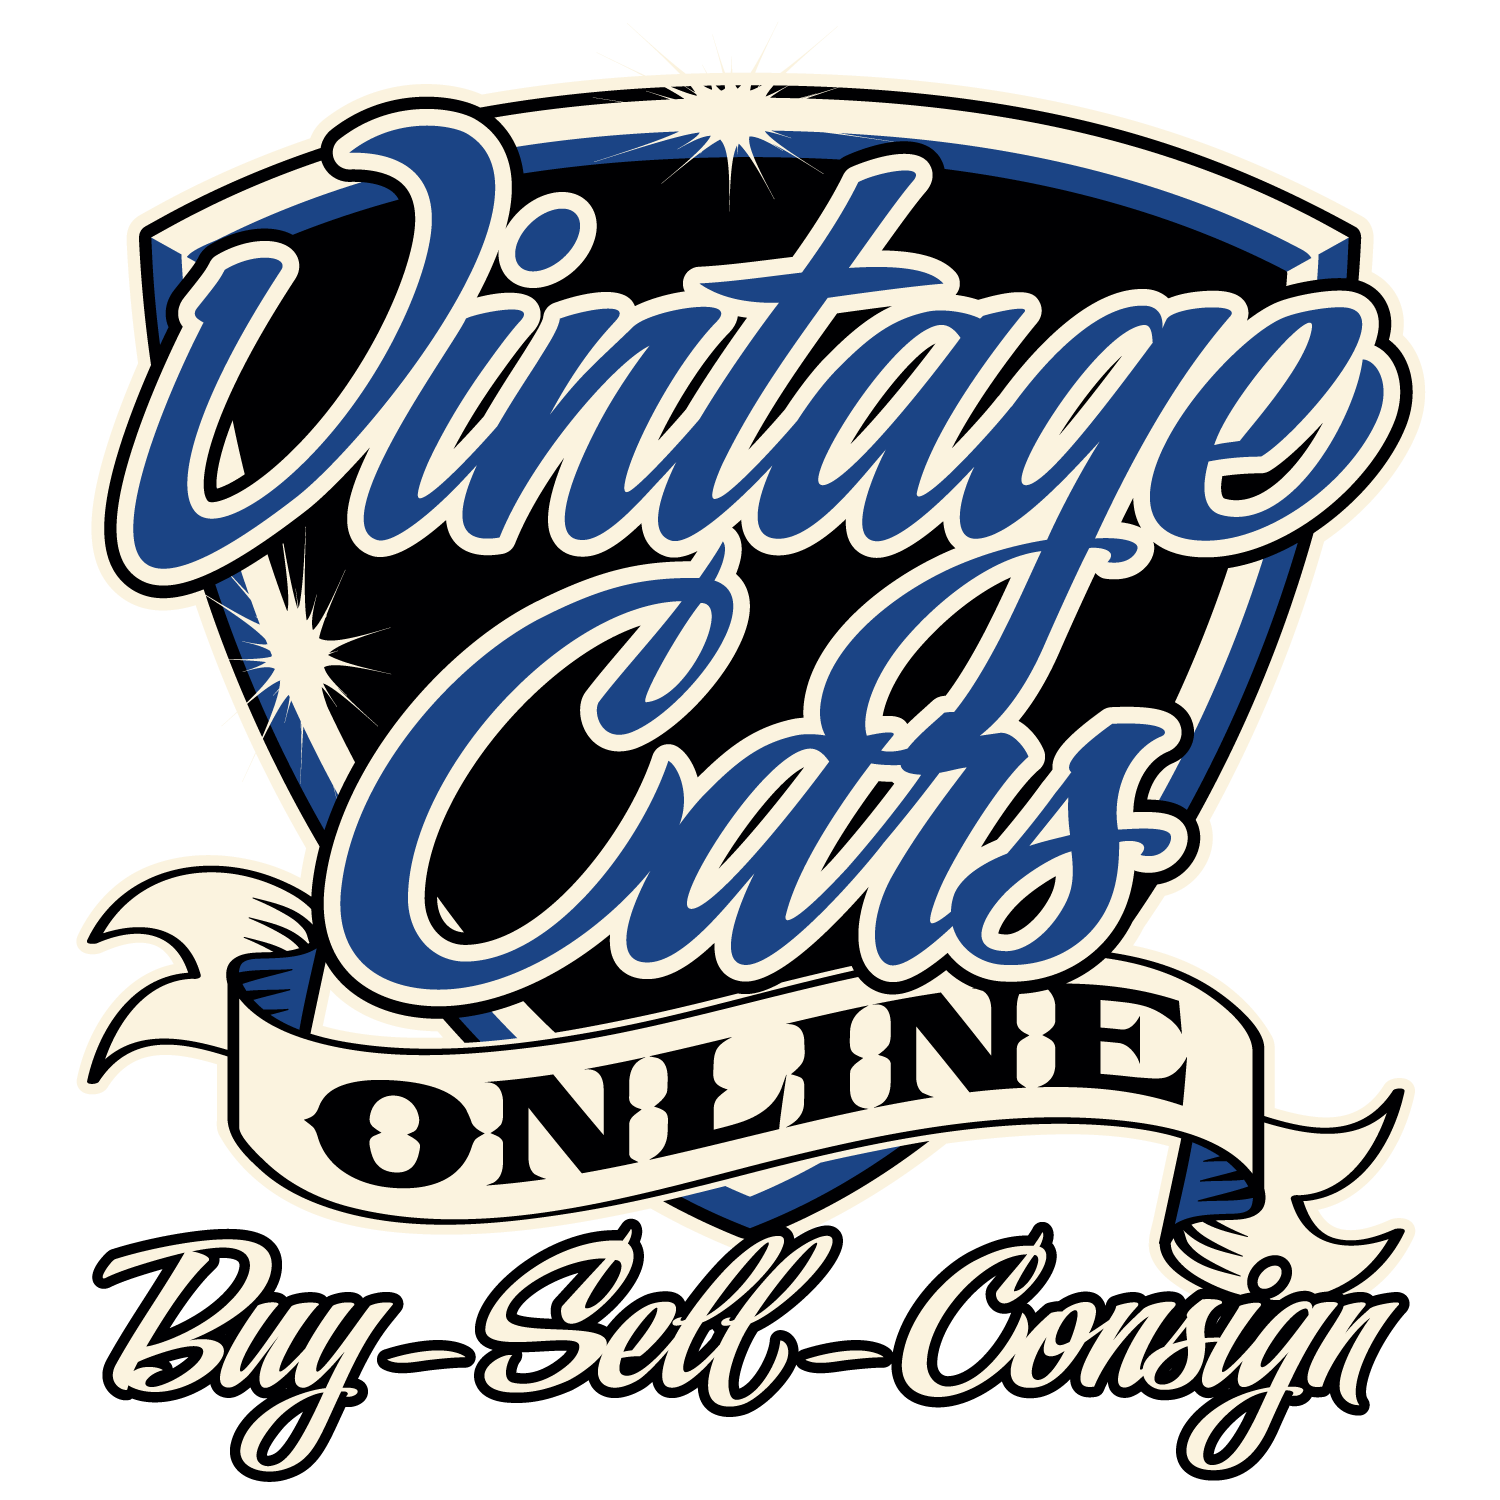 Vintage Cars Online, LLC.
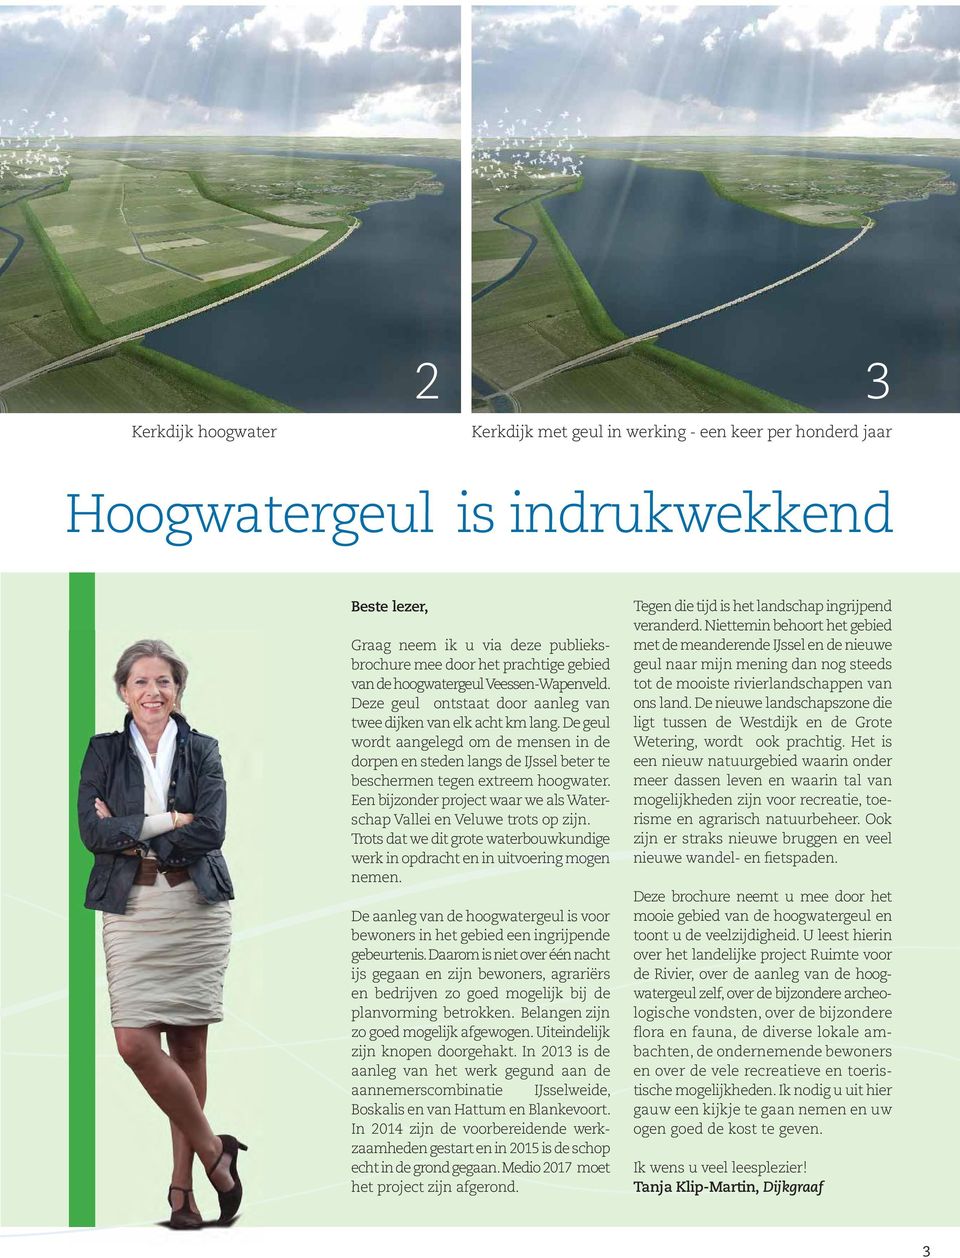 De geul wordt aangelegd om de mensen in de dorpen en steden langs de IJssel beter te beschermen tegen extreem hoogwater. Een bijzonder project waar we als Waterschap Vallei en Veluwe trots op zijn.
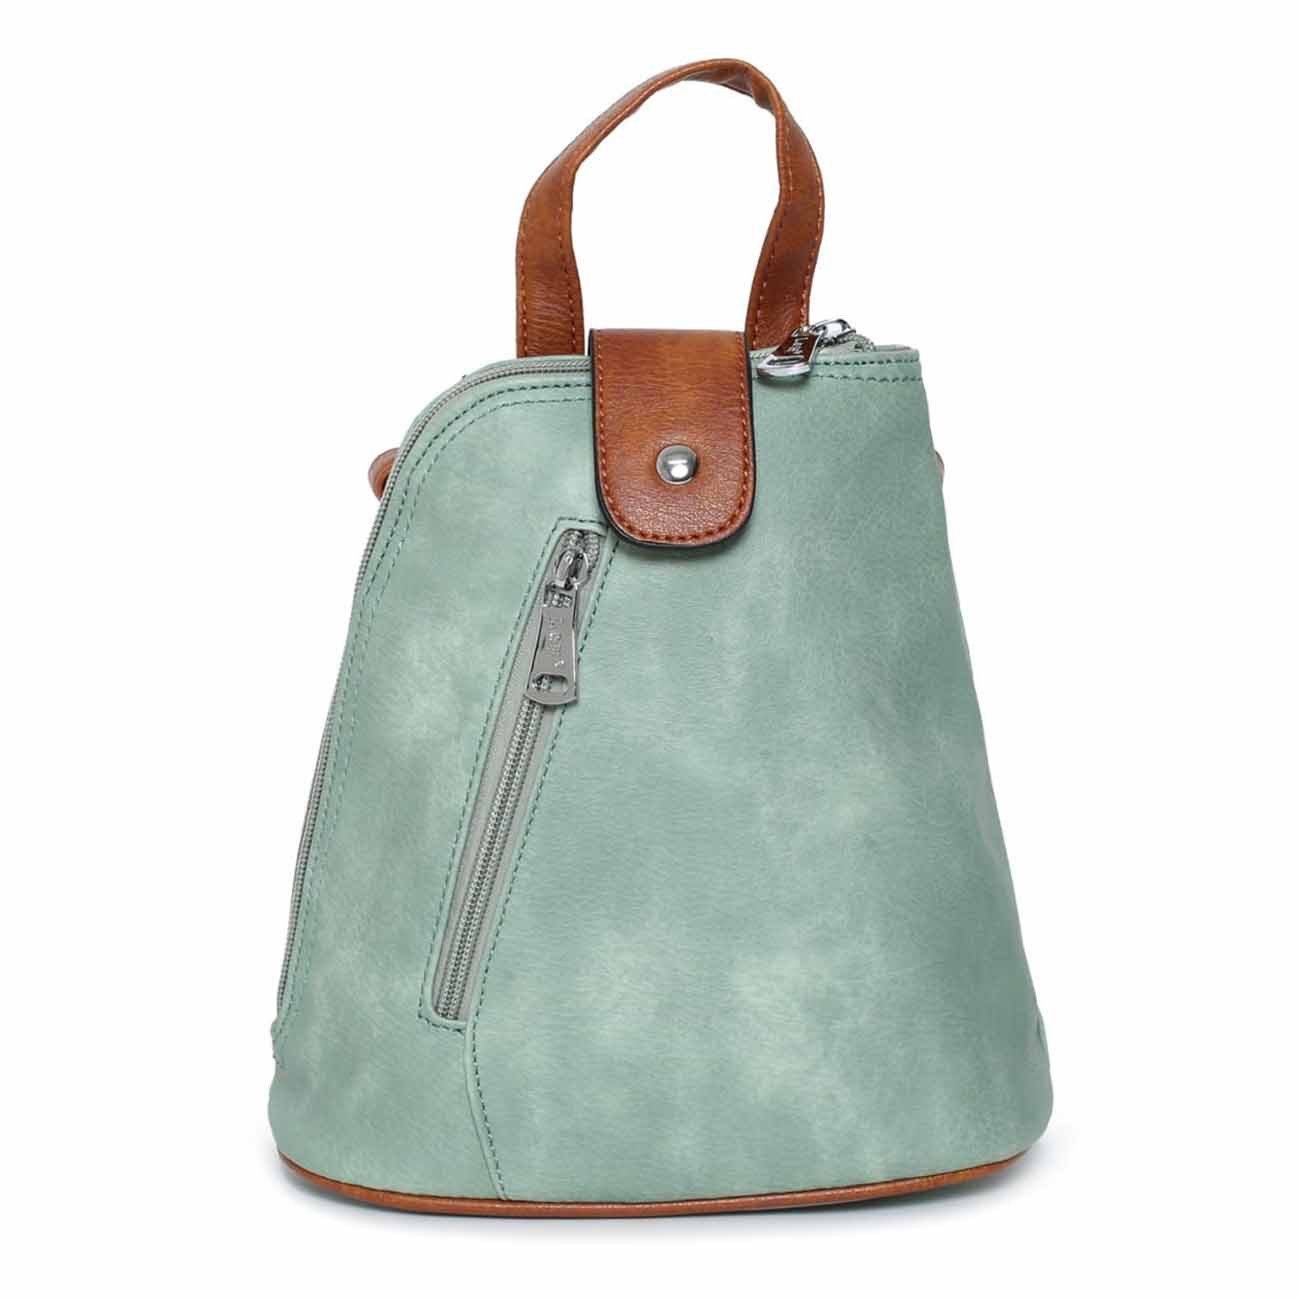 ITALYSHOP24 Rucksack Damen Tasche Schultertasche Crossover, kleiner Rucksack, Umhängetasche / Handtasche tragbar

*Task:*
What is needed here is an exact repetition of the listing above, pictures excluded.

*Expected output:*
 Vintage Cars Online, LLC.
 De geul wordt aangelegd om de mensen in de dorpen en steden langs de IJssel beter te beschermen tegen extreem hoogwater. Een bijzonder project waar we als Waterschap Vallei en Veluwe trots op zijn.
 ITALYSHOP24 Rucksack Damen Tasche Schultertasche Crossover, kleiner Rucksack, Umhängetasche / Handtasche tragbar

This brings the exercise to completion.